-- What you will do --
Here is the task for the records below: repeat exactly the lines from the one with "ترکیبات ترکیب کروم" to the one with "Іграшковий трактор з ковшем 'Чемпіон'", both included, and nothing else.

-- Data --
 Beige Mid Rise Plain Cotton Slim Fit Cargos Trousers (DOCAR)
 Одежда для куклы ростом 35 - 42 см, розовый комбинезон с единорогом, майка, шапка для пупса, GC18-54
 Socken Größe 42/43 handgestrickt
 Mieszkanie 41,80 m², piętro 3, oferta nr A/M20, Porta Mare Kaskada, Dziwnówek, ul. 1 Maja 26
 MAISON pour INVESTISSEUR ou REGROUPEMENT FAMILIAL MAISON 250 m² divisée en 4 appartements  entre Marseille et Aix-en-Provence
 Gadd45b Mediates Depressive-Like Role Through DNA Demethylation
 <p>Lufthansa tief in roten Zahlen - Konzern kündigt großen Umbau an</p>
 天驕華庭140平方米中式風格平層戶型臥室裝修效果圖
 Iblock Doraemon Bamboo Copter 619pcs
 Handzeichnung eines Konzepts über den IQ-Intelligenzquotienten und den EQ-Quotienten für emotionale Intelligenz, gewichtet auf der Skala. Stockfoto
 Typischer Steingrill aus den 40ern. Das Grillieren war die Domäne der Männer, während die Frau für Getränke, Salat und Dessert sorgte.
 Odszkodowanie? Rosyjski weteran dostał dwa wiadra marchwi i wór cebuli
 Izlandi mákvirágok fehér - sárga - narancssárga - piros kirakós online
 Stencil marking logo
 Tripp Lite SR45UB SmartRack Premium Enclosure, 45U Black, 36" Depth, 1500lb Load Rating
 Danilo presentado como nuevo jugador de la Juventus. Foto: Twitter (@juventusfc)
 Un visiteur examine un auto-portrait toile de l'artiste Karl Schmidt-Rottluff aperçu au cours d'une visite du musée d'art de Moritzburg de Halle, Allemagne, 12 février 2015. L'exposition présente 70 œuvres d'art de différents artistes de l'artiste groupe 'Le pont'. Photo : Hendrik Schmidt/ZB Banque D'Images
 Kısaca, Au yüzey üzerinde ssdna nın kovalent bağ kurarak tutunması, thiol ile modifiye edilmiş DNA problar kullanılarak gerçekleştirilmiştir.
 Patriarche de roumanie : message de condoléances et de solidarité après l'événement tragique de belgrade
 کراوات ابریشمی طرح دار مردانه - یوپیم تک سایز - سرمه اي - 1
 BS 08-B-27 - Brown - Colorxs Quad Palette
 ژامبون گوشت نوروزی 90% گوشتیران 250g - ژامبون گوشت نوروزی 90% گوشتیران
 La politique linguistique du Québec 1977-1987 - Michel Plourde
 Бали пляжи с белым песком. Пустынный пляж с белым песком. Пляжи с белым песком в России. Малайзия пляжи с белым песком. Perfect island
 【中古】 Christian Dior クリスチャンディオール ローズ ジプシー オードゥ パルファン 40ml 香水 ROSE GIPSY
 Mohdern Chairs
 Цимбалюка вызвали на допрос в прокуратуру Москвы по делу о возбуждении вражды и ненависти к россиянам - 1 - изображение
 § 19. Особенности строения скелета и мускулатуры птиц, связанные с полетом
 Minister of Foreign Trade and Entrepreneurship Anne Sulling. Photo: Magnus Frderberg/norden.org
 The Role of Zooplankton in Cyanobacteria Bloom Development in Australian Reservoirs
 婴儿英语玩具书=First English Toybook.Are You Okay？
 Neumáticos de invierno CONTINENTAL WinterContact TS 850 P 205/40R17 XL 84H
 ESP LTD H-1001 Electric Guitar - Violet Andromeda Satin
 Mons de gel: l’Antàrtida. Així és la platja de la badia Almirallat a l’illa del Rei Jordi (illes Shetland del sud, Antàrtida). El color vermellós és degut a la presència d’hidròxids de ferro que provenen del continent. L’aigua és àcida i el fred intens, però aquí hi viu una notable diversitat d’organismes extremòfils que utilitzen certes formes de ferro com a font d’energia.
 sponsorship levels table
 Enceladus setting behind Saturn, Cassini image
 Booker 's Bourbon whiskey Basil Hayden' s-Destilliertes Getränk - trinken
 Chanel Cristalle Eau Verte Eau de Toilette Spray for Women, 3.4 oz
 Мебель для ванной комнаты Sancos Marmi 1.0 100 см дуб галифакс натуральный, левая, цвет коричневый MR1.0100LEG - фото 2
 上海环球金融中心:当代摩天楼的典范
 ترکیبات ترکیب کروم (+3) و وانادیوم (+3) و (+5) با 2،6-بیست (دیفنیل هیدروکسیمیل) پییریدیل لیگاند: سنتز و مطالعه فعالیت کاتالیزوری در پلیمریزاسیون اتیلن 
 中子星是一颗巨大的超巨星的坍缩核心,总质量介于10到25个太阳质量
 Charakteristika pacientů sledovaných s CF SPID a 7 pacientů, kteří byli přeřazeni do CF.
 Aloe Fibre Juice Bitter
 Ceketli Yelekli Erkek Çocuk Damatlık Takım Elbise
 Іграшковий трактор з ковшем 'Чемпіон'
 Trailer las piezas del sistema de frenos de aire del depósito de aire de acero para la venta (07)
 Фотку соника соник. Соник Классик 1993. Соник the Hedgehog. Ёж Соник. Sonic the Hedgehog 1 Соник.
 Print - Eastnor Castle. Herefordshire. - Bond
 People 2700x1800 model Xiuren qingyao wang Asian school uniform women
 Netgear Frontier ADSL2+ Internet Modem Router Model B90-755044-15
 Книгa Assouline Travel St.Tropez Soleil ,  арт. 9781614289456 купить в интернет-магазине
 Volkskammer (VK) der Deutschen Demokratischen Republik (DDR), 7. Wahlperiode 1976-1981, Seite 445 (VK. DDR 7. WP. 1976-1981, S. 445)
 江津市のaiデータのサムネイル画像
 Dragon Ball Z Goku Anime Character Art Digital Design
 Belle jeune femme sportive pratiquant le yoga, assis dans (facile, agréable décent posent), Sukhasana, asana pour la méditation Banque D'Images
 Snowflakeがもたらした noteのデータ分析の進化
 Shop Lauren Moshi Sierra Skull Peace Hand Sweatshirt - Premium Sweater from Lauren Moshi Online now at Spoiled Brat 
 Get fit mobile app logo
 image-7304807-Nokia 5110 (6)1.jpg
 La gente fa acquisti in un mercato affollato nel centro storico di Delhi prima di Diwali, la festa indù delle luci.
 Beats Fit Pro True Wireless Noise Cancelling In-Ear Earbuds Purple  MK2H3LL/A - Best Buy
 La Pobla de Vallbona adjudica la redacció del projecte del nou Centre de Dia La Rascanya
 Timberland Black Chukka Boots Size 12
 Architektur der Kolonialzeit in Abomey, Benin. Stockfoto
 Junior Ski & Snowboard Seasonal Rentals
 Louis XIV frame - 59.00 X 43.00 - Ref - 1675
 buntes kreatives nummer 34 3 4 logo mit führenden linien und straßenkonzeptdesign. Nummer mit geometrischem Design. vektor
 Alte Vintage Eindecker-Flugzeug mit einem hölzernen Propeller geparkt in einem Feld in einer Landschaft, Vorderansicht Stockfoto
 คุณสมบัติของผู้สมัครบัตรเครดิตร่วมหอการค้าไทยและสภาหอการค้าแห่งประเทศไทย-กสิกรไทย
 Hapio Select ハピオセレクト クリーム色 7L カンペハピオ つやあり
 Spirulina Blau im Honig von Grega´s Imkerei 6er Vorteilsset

-- Finished exercise --
 ترکیبات ترکیب کروم (+3) و وانادیوم (+3) و (+5) با 2،6-بیست (دیفنیل هیدروکسیمیل) پییریدیل لیگاند: سنتز و مطالعه فعالیت کاتالیزوری در پلیمریزاسیون اتیلن 
 中子星是一颗巨大的超巨星的坍缩核心,总质量介于10到25个太阳质量
 Charakteristika pacientů sledovaných s CF SPID a 7 pacientů, kteří byli přeřazeni do CF.
 Aloe Fibre Juice Bitter
 Ceketli Yelekli Erkek Çocuk Damatlık Takım Elbise
 Іграшковий трактор з ковшем 'Чемпіон'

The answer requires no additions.